Untuk diketahui, berdasarkan Peraturan KPU No. 16 Tahun 2019 tentang Perubahan atas Peraturan KPU Nomor 15 Tahun 2019 tentang Tahapan, Program dan Jadwal pemilihan Gubernur dan Wakil Gubernur, Bupati dan Wakil Bupati, dan/atau Walikota dan Wakil Walikota, bahwa penetapan pasangan calon ditetapkan 8 Juli 2020. Bila dihitung mundur 6 (enam) bulan sebelum tanggal penetapan pasangan calon, maka sejak 8 Januari 2020, kepala daerah tidak diperbolehkan lagi melakukan pergantian pejabat, kecuali mendapat persetujuan tertulis dari Menteri.

Menurut Mantan Bawaslu Sulut ini, tatas waktu penggantian pejabat di lingkungan Pemerintah Daerah sudah diatur tegas pada pasal 71 Undang-Undang Nomor 10 Tahun 2016.

Pejabat negara, pejabat daerah, pejabat aparatur sipil negara, anggota TNI/POLRI, dan Kepala Desa atau sebutan lain/Lurah dilarang membuat keputusan dan/atau tindakan yang menguntungkan atau merugikan salah satu pasangan calon.

Gubernur atau Wakil Gubernur, Bupati atau Wakil Bupati, dan Walikota atau Wakil Walikota dilarang melakukan penggantian pejabat 6 (enam) bulan sebelum tanggal penetapan pasangan calon sampai dengan akhir masa jabatan kecuali mendapat persetujuan tertulis dari Menteri.

Gubernur atau Wakil Gubernur, Bupati atau Wakil Bupati, dan Walikota atau Wakil Walikota dilarang menggunakan kewenangan, program, dan kegiatan yang menguntungkan atau merugikan salah satu pasangan calon baik di daerah sendiri maupun di daerah lain dalam waktu 6 (enam) bulan sebelum tanggal penetapan pasangan calon sampai dengan penetapan pasangan calon terpilih.

Ketentuan sebagaimana dimaksud pada ayat (1) sampai dengan ayat (3) berlaku juga untuk penjabat Gubernur atau Penjabat Bupati/Walikota.

Dalam hal Gubernur atau Wakil Gubernur, Bupati atau Wakil Bupati, dan Walikota atau Wakil Walikota selaku petahana melanggar ketentuan sebagaimana dimaksud pada ayat (2) dan ayat (3), petahana tersebut dikenai sanksi pembatalan sebagai calon oleh KPU Provinsi atau KPU Kabupaten/Kota.

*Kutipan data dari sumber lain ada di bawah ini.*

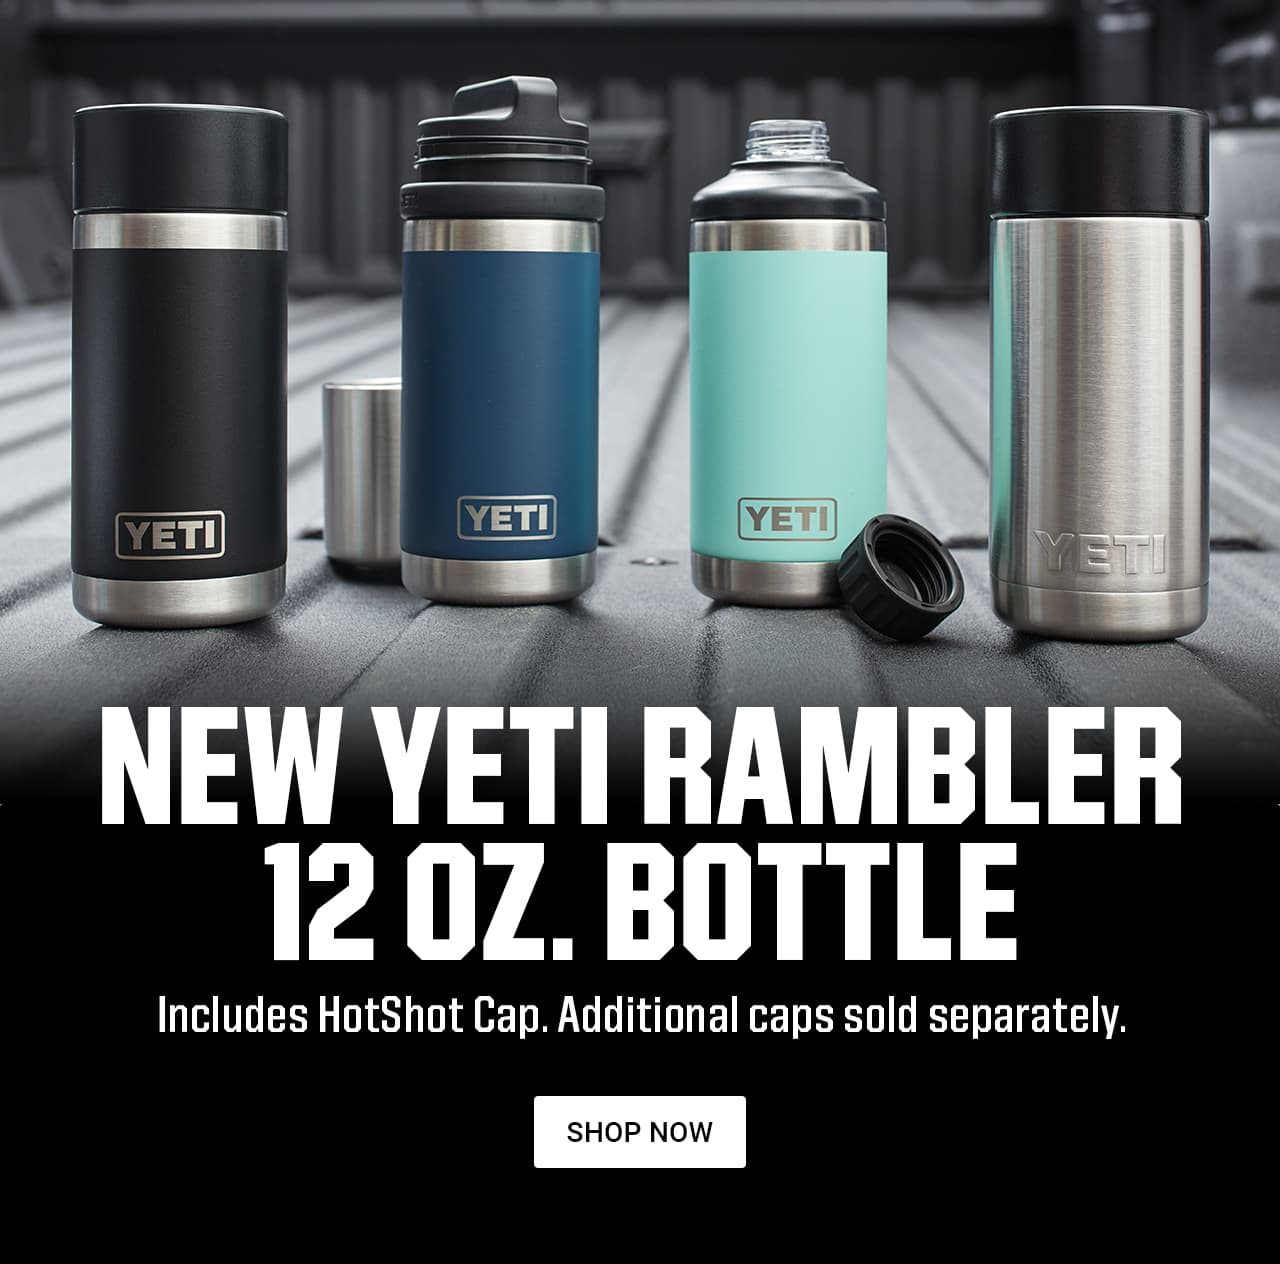 c3f679b49d5 NEW YETI RAMBLER 12 OZ. BOTTLE | Includes HotShot Cap. Additional caps sold  separately

Sanksi sebagaimana dimaksud pada ayat (1) sampai dengan ayat (3) yang bukan petahana diatur sesuai dengan peraturan perundang-undangan yang berlaku.

“Mengantisipasi hal diatas dihimbau Secepatnya Badan Pengawas Pemilu Sulawesi Utara harus menyurati Gubernur Sulut dan para bupati/wali kota di 7 kabupaten/kota jelang pemilihan kepala daerah serentak tahun 2020. Para kepala daerah dilarang melakukan mutasi pejabat di pemerintahan jelang pilkada,” jelasnya.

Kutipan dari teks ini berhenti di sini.